10 May 2022
Employee or Sub-contractor? The High Court speaks
A very common enquiry received by Andersons’ Employment Law team is whether a particular worker is correctly classified as a sub-contractor (contract FOR service) or an employee (contract OF service). The distinction is important, and has significant legal consequences.
An employee is entitled to:
- Considerable legal protections (e.g., protection from unfair dismissal)
- Minimum conditions as set out in the National Employment Standards (including maximum hours of work, and paid leave for permanent employees) and,
- Covered by a Modern Award which sets out minimum rates of pay and other conditions of employment.

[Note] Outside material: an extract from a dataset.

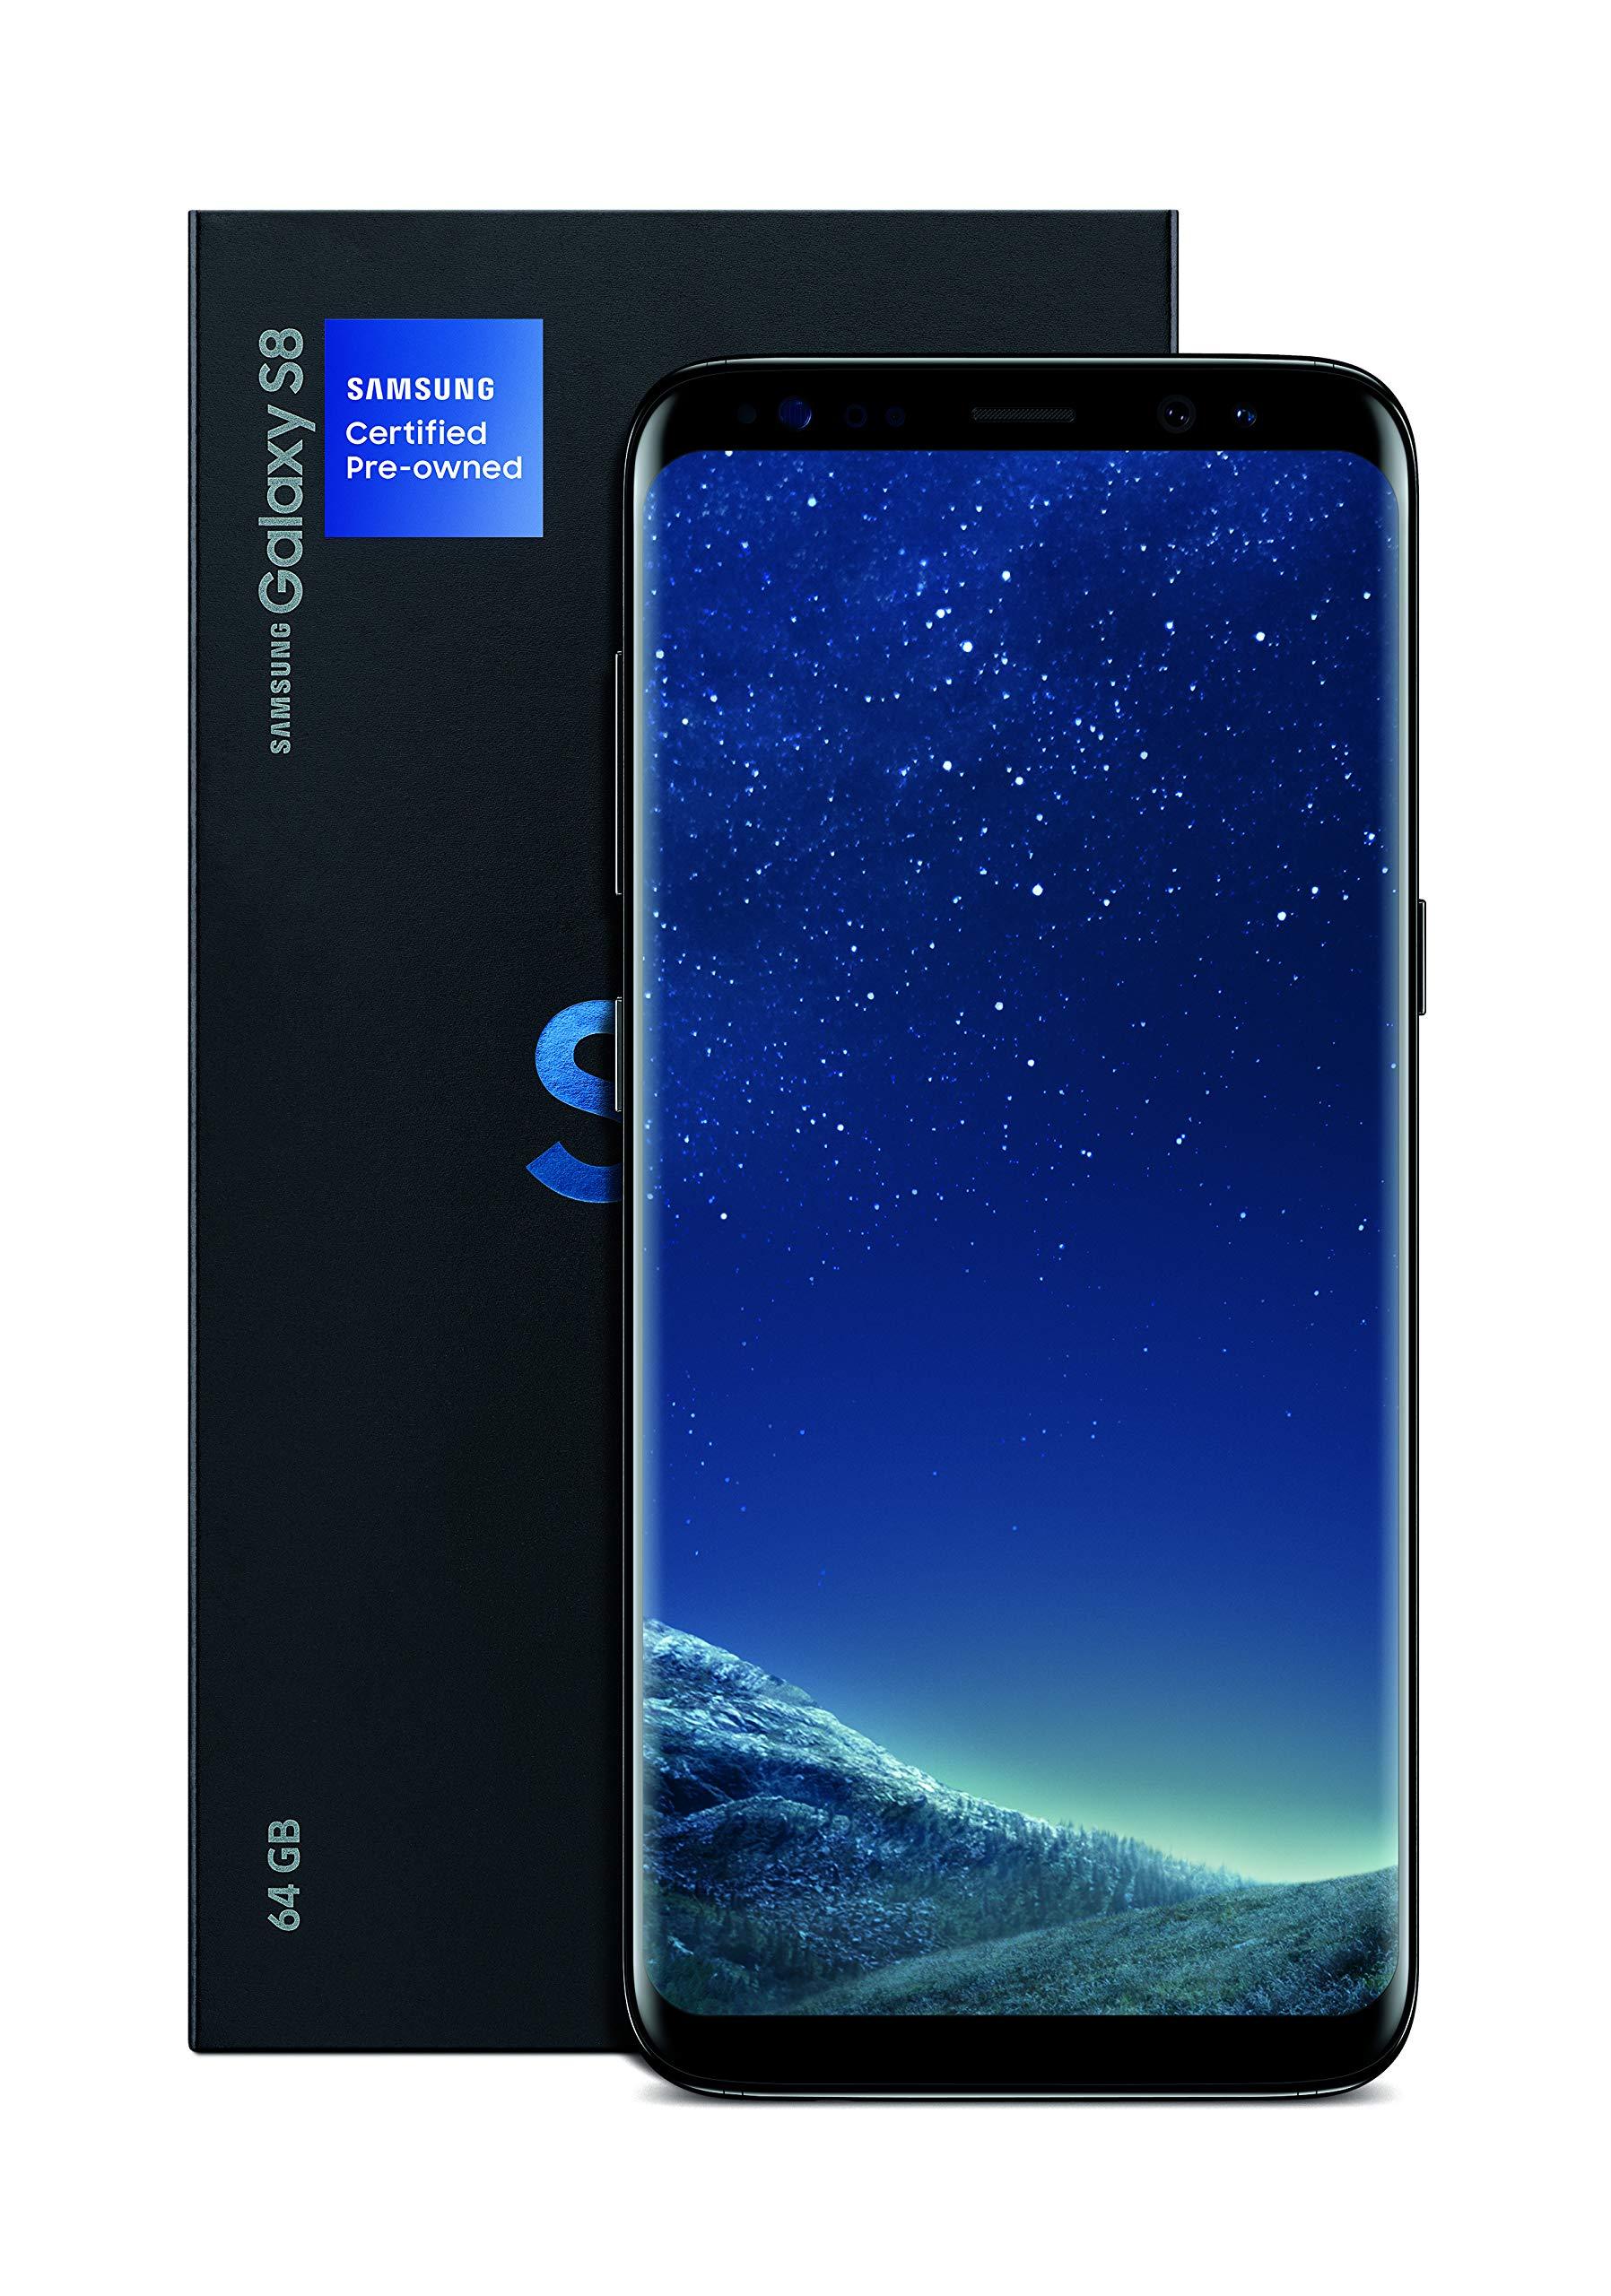 Samsung Galaxy S8 Certified Pre-Owned Factory Unlocked Phone – 5.8Inch Screen – 64GB – Midnight Black (U.S. Warranty) (Renewed)

In contrast, the terms and conditions applying to a sub-contractor are, with minor exceptions, established by contract / agreement and are not subject to any legal minimum rates of remuneration.
The importance of the issue is demonstrated by the fact that the High Court of Australia – which only accepts cases of national significance – has recently heard two separate cases addressing this question. These cases have provided some further guidance as to when a worker is correctly classified as a sub-contractor or employee.
Briefly, the law around this issue which existed prior to the recent High Court decisions generally involved a “multi-factorial test” which required the weighing up a number of “indicia” to determine whether the relationship is one of employment.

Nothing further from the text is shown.